## Data provided

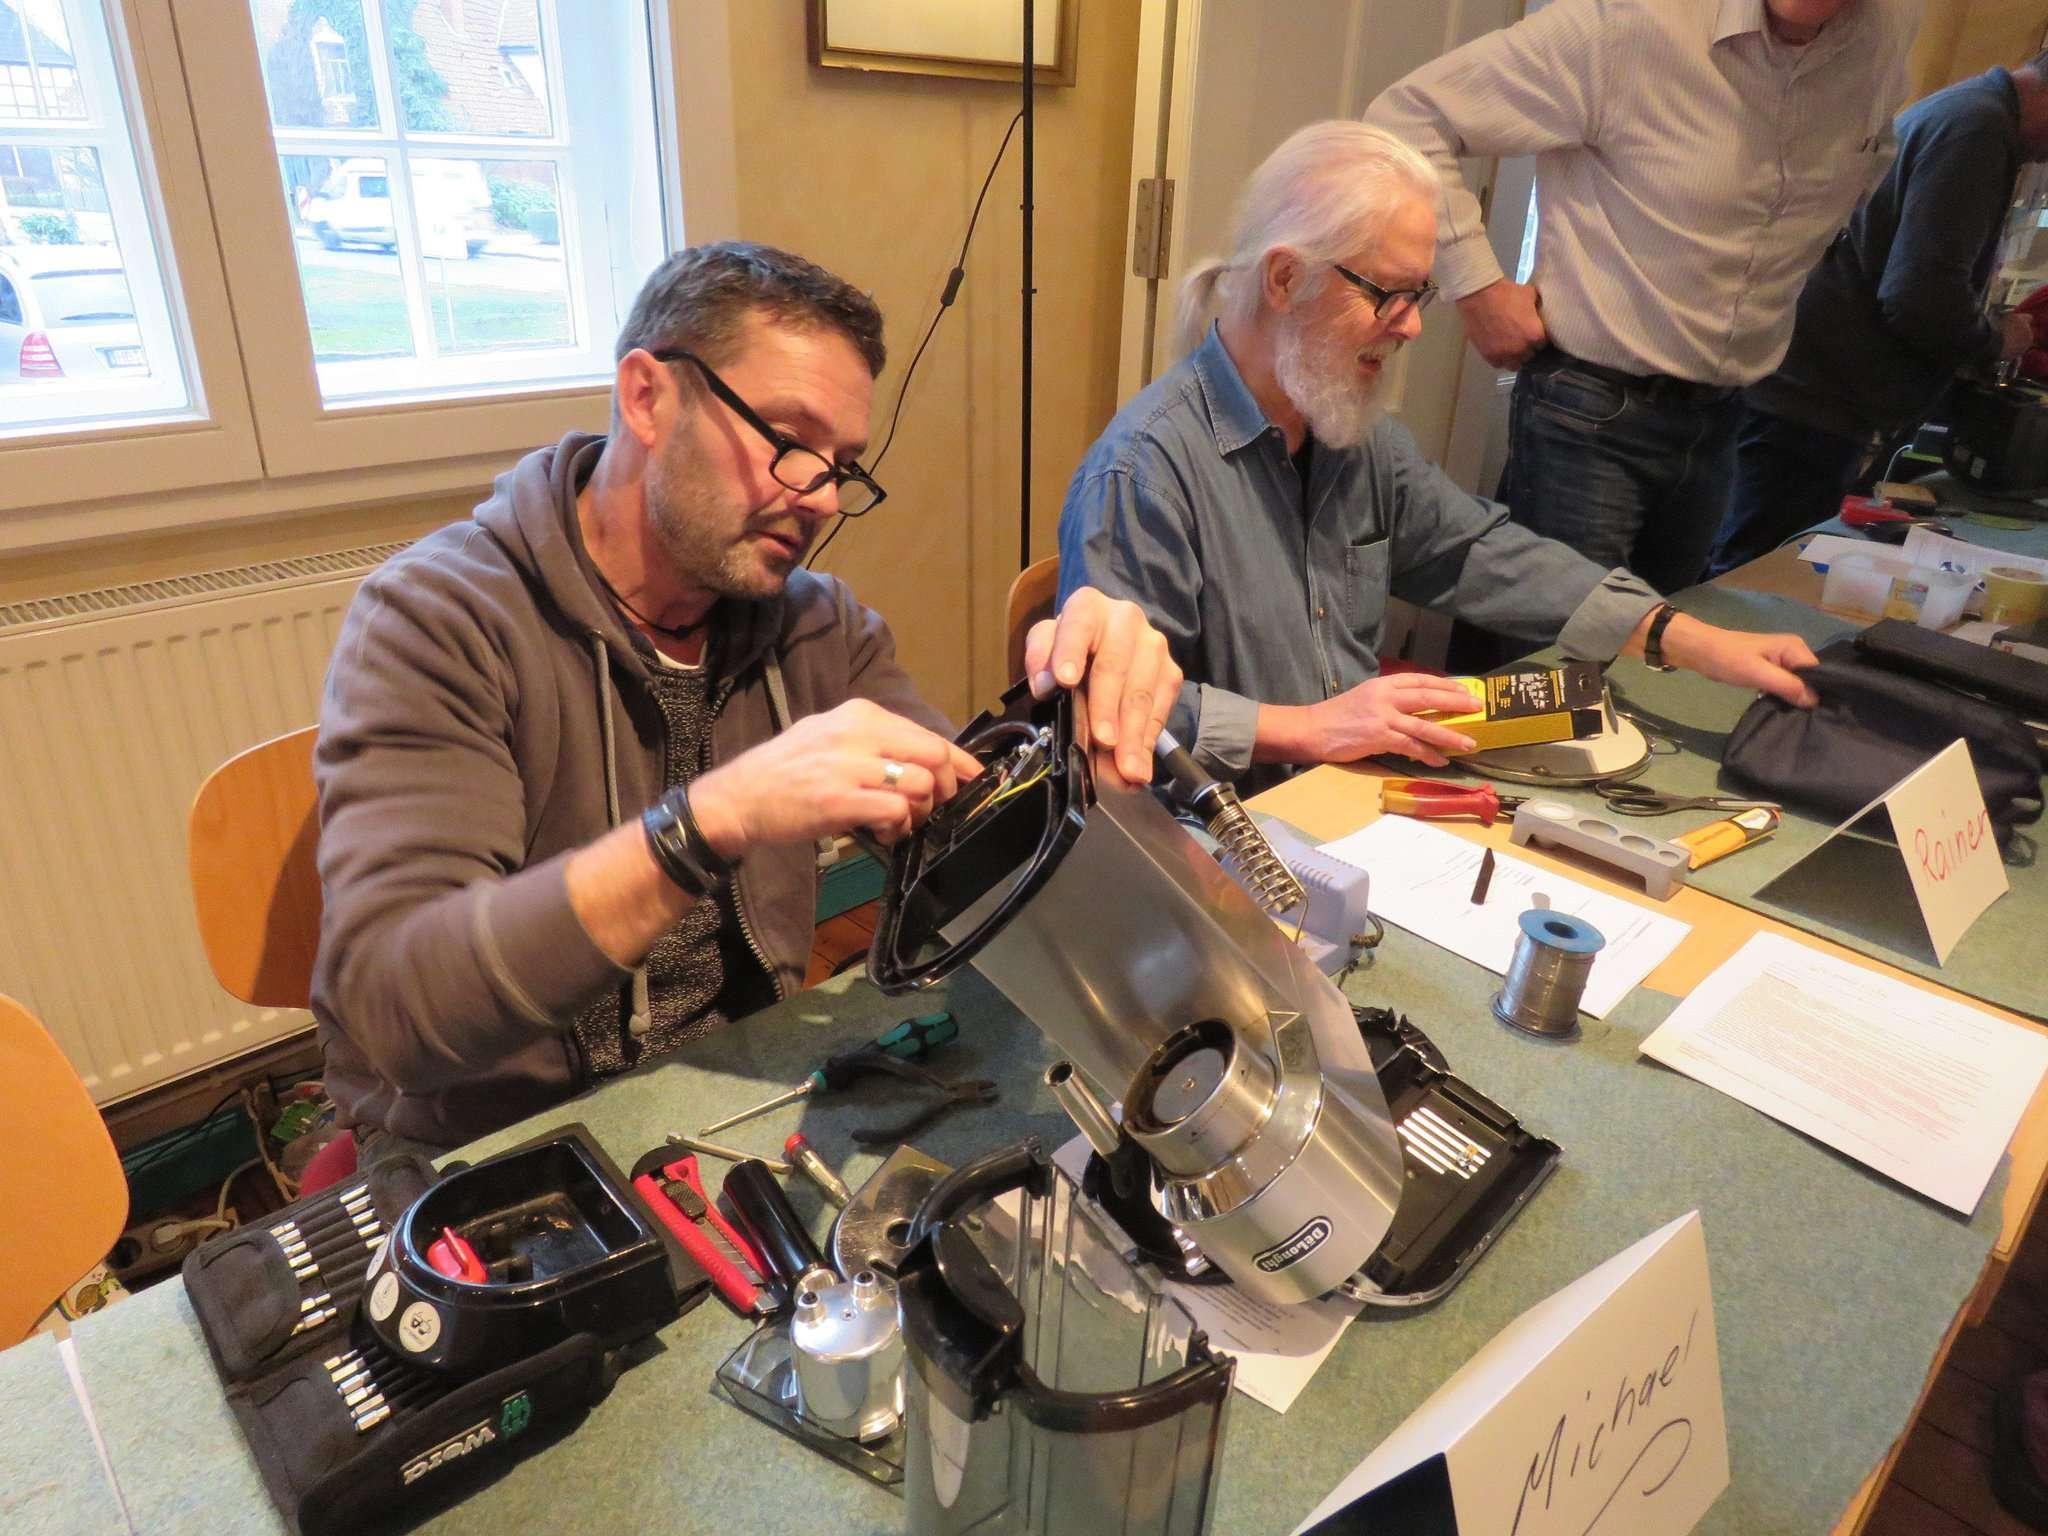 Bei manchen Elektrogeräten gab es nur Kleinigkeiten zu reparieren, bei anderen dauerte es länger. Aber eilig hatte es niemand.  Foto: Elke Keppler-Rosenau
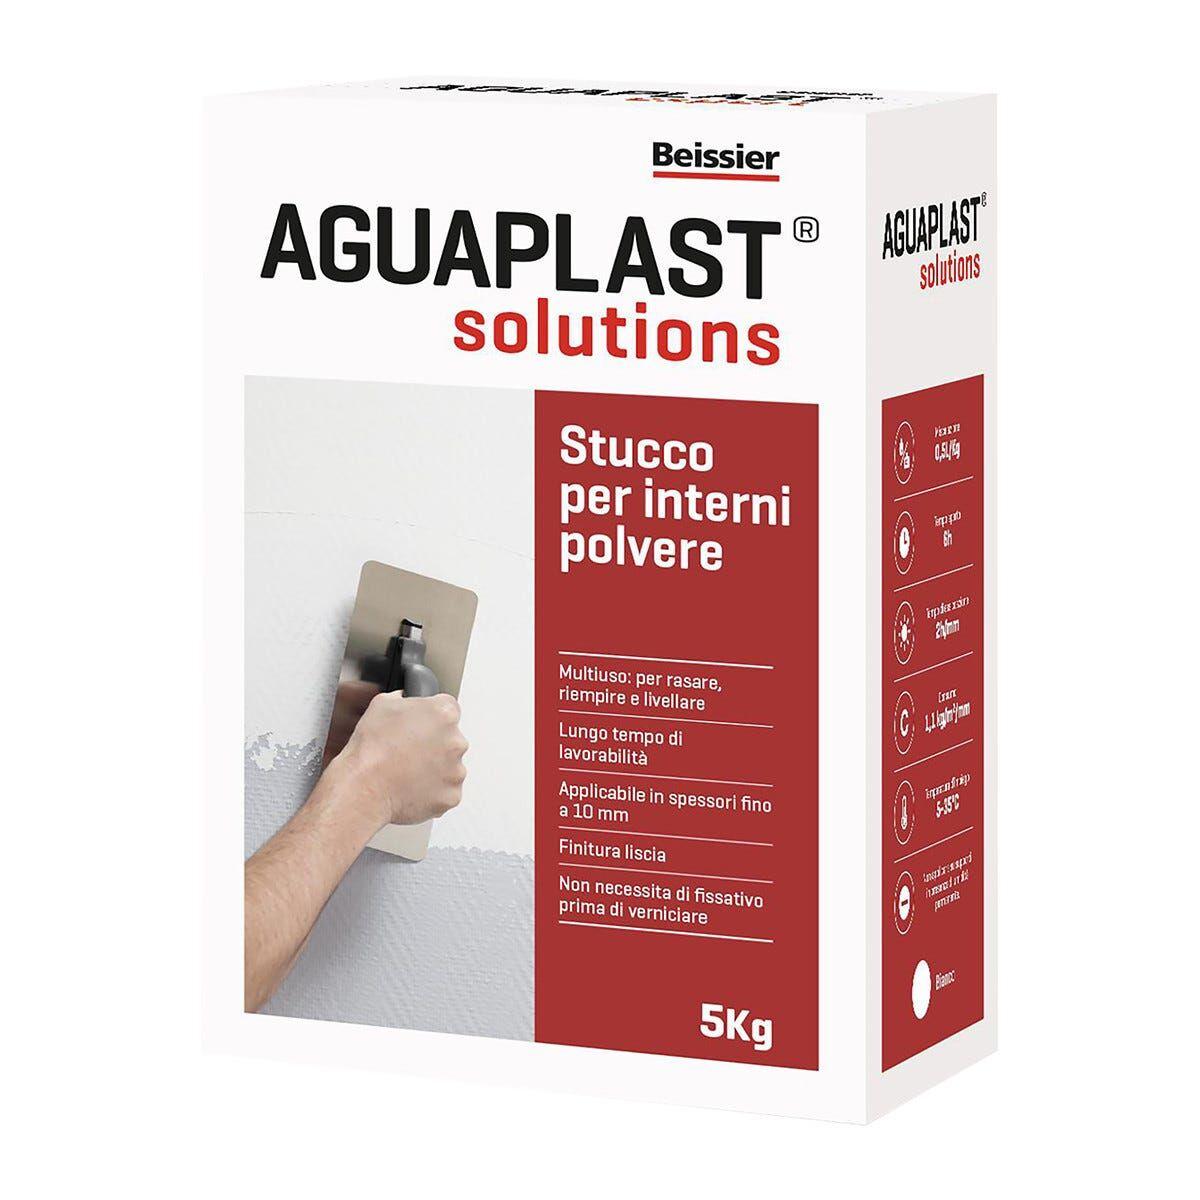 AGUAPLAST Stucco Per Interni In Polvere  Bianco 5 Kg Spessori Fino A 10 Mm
---
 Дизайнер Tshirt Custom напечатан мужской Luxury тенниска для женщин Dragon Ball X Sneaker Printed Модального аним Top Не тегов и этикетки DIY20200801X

## Task objective
Exactly the lines starting at the one above with "Bei manchen Elektrogeräten" and ending at the one with "AGUAPLAST Stucco Per" should be printed, and nothing else. Omit the pictures.

## Task solution
 Bei manchen Elektrogeräten gab es nur Kleinigkeiten zu reparieren, bei anderen dauerte es länger. Aber eilig hatte es niemand.  Foto: Elke Keppler-Rosenau
 AGUAPLAST Stucco Per Interni In Polvere  Bianco 5 Kg Spessori Fino A 10 Mm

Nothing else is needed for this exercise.